We can use a HashMap to count the frequnecy of each word, and then add then into a list.
When sorting the list, override the sorting rules according to requirements. We sort the list by descending order, and if two Strings has equal frequency, the lower alphabetical order comes first.
After sorting, we take a sublist of the sorted list.

程式碼
class Solution {
    public List<String> topKFrequent(String[] words, int k) {
        List<String> res = new ArrayList<>();
        if (words.length == 0 || words == null) return res;

        HashMap<String, Integer> map = new HashMap<>();
        for (String word : words) {
            map.put(word, map.getOrDefault(word, 0) + 1);
        }

        Set<Map.Entry<String, Integer>> set = map.entrySet();

        for (Map.Entry<String, Integer> s : set) {
            res.add(s.getKey());
        }

        Collections.sort(res, new Comparator<String>() {
            @Override
            public int compare(String a, String b) {
                if (map.get(a) == map.get(b)) {
                    return a.compareTo(b);
                }
                return map.get(b) - map.get(a);
            }
        });

        return res.subList(0, k);
    }
}
複雜度分析

時間複雜度
Counting the frequence for each word costs O(n), adding the word to list costs O(n), and sort the list costs O(nlogn).
空間複雜度
O(n) because we use a HashMap to count the frequency.

解法二

思路

Use the HashMap to count frequency for each word.
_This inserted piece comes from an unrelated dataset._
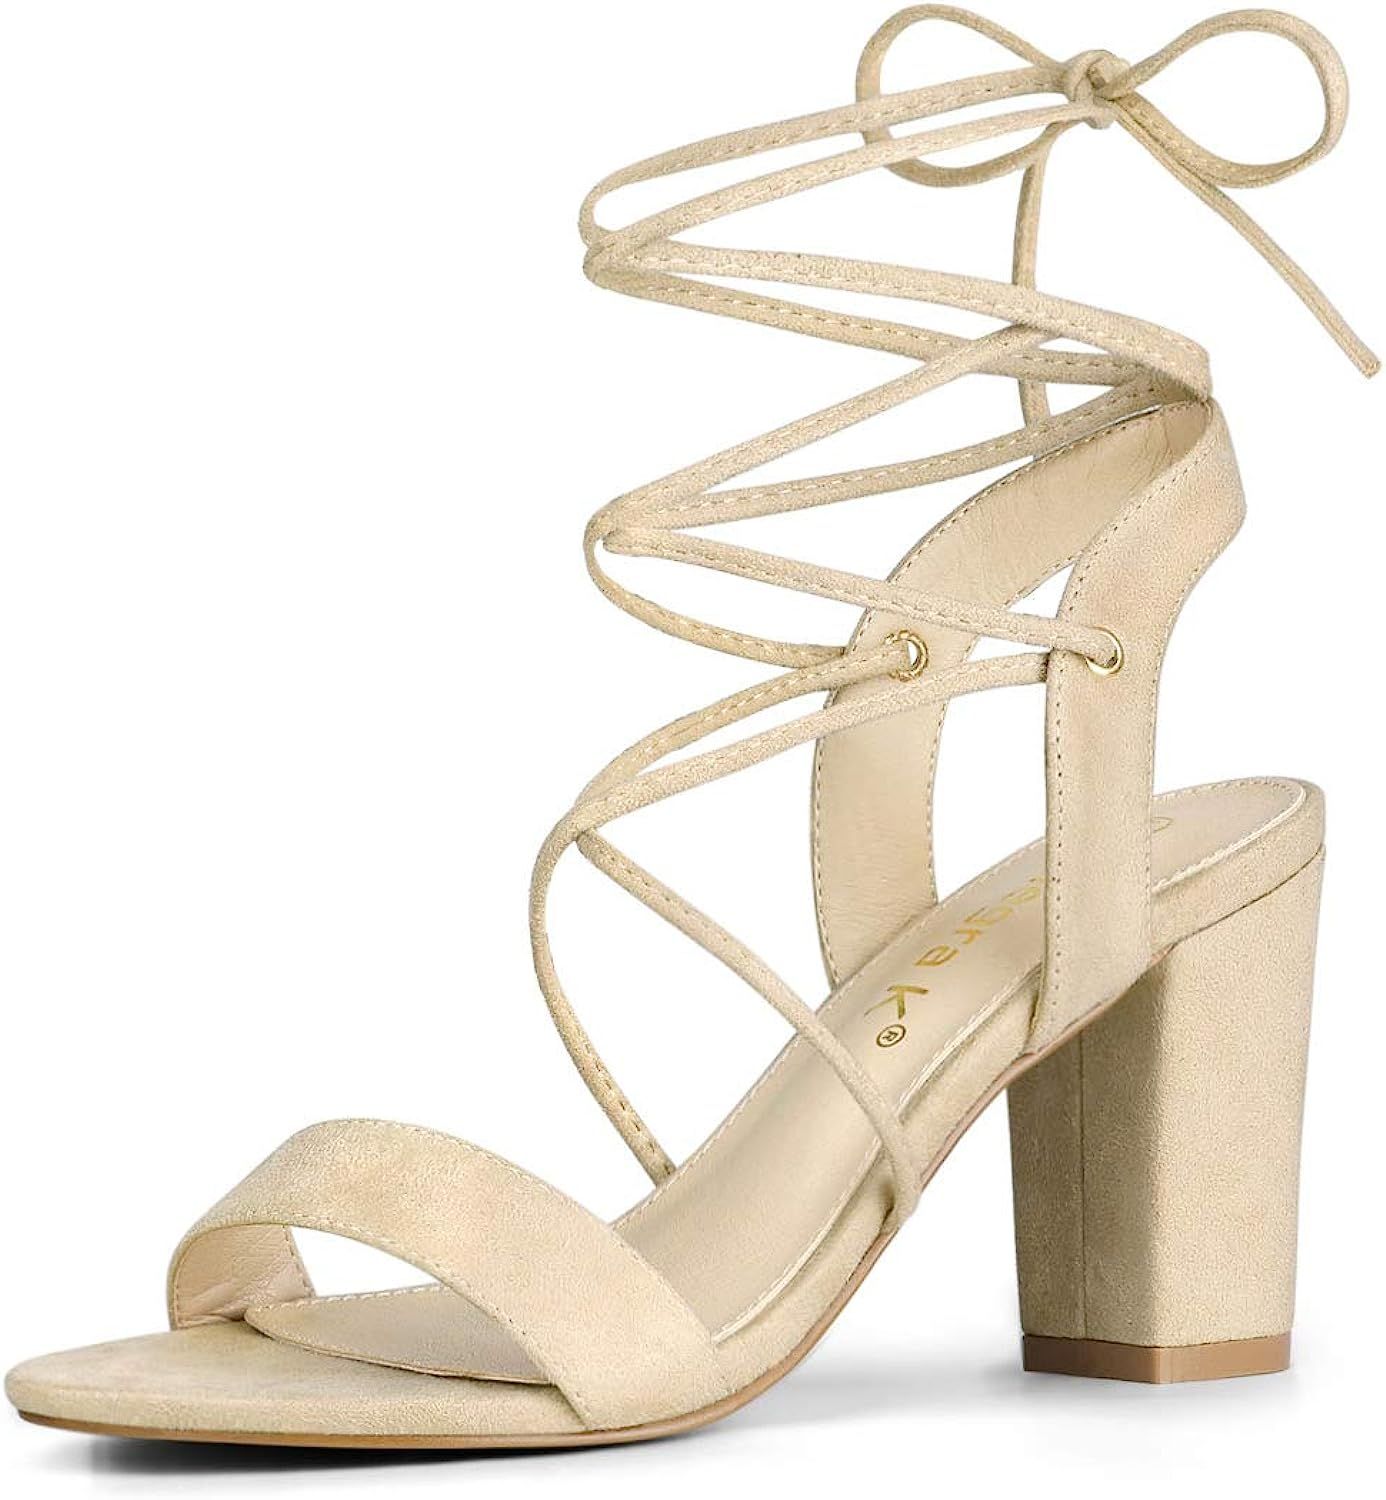 Allegra K Women's Lace Up Block High Heels Sandals | Amazon (US)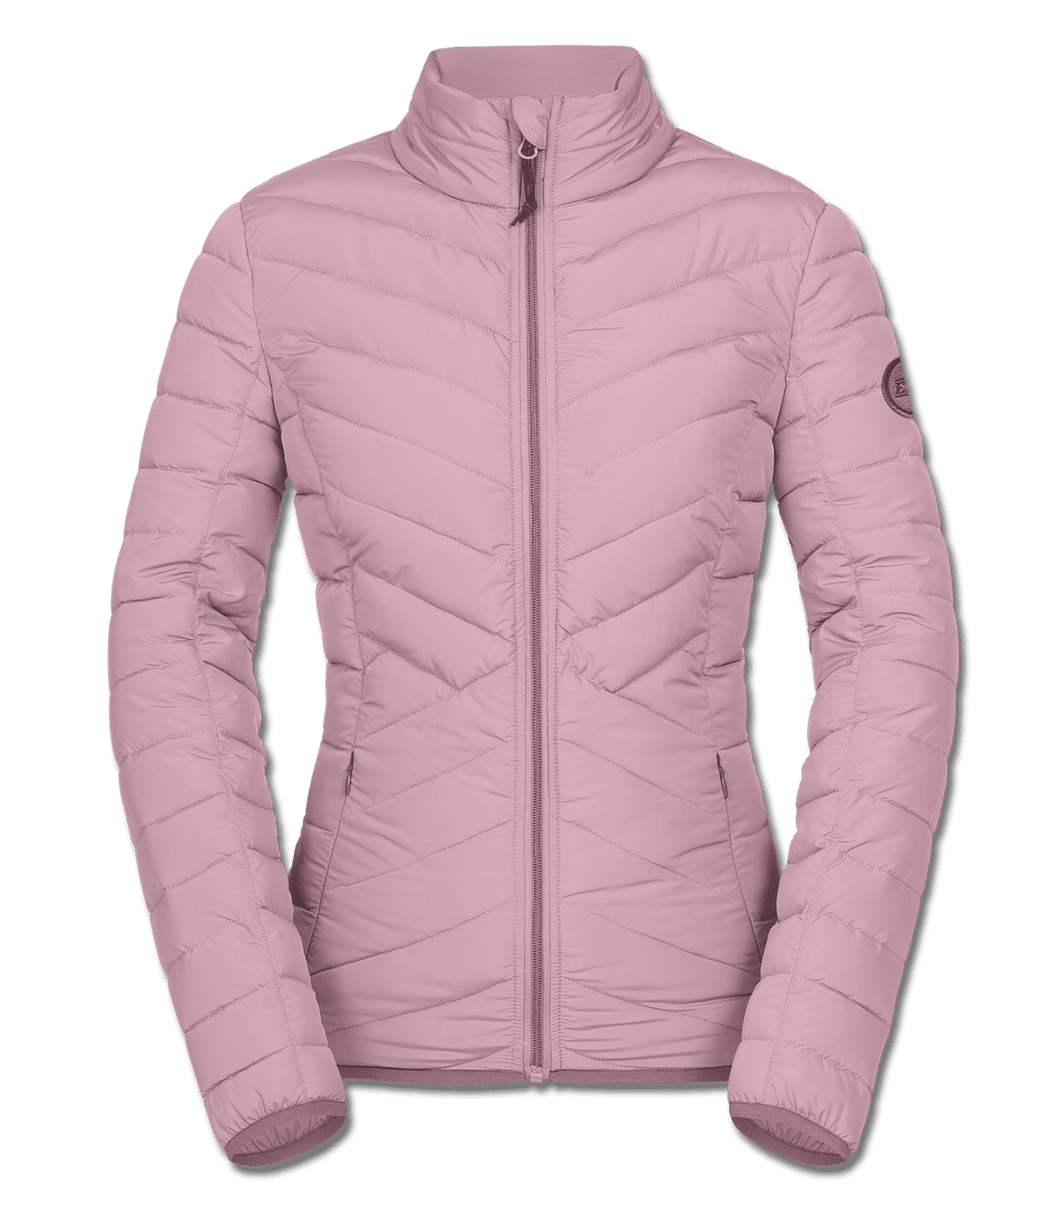 Blush Antwerpen lightweight jacket

Initialize a priority queue to sort the top k words. Override the rules for sorting - Worst frequent word at the top, if frequency is the same, the word with higher alphabetical comes first. So we can always poll the first element to keep the pq with size k.
Use a LinekdList to store the result. Always add the polled top element to the head of LinkedList.

程式碼
class Solution {
    public List<String> topKFrequent (String[] words, int k) {
        HashMap<String, Integer> map = new HashMap<>();
        for (String word : words) {
            map.put(word, map.getOrDefault(word, 0) + 1);
        }
        PriorityQueue<String> pq = new PriorityQueue<>((a, b) -> map.get(a).equals(map.get(b)) ? b.compareTo(a) : map.get(a) - map.get(b));

        for (String word : map.keySet()) {
            pq.offer(word);
            if (pq.size() > k) {
                pq.poll();
            }
        }

        List<String> res = new LinkedList<>();
        while(!pq.isEmpty()) {
            res.add(0, pq.poll());
        }

        return res;
    }
}
複雜度分析

時間複雜度
O(nlogk), because when add elements to pq, it takes O(logk) and we add words n times.
空間複雜度
O(n)

Takeaway

  • 重新複習了 Override Comparator 的幾種方法, 對於 PriorityQueue, override 其中的排序規則;對於 List, Override Collections.sort() 的排序規則。
  • List<Stirng> list = new LinkedList 時,由於多型,LinkedList 繼承 List 全部方法,而沒有專屬 LinkedList 的方法。所以使用 list.add(0, element) 來將元素新增進頭部。
  • 兩個方法都對 sorting 規則進行了重寫,但是第一種方法使用遞減因為我們之間擷取 list 即可,第二種方法使用遞增因為 PriorityQueue 的性質,我們每次都對頭部元素刪除保證 pq 的 size 為 k,勢必只能刪除 least frequent element。 為保證結果為正常順序,每次將 poll() 的元素加入 list 頭部即可。
  • list.subList(0, k) -- 擷取 list 的 [0, k) 元素形成新的 list。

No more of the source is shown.